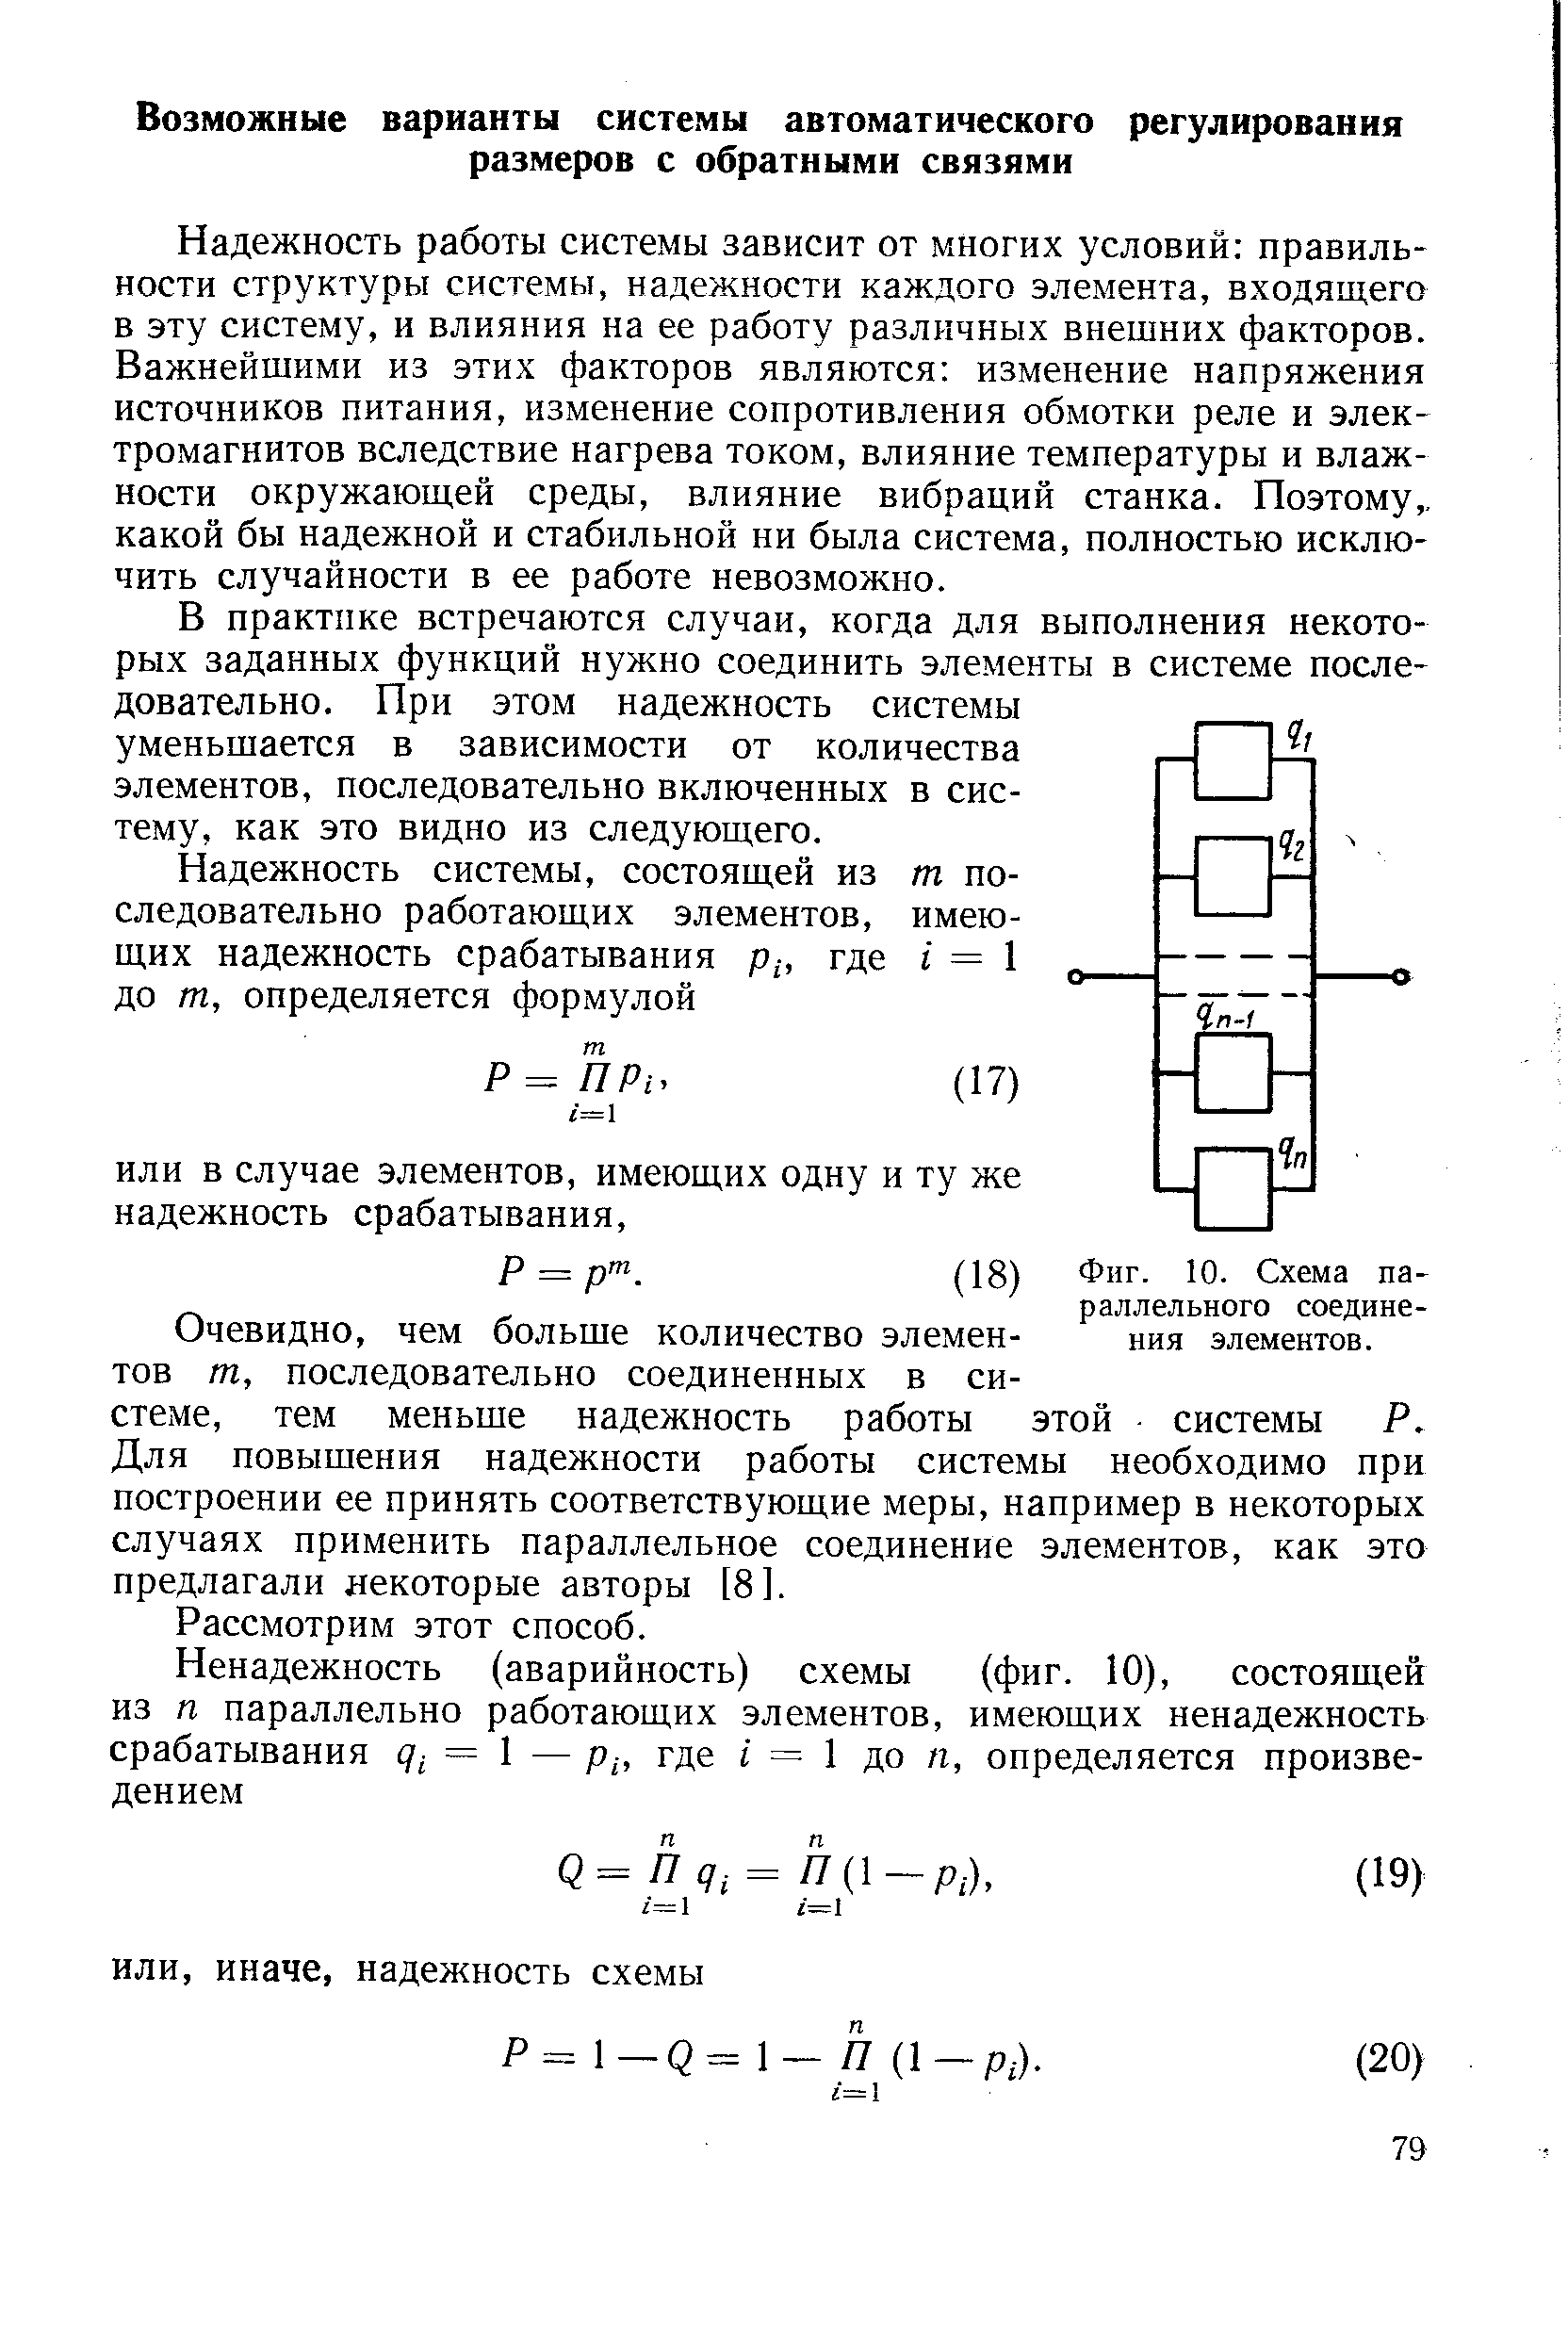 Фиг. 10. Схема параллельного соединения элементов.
* * *
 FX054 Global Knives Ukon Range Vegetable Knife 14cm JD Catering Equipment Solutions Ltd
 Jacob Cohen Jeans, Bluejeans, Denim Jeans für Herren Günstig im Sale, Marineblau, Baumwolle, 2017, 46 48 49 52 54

» **Exercise instructions**
Each line in the listing above from the one containing "FX054 Global Knives" through the one containing "Jacob Cohen Jeans, Bluejeans, Denim" should be repeated exactly, and no other line.

» **Solution**
 FX054 Global Knives Ukon Range Vegetable Knife 14cm JD Catering Equipment Solutions Ltd
 Jacob Cohen Jeans, Bluejeans, Denim Jeans für Herren Günstig im Sale, Marineblau, Baumwolle, 2017, 46 48 49 52 54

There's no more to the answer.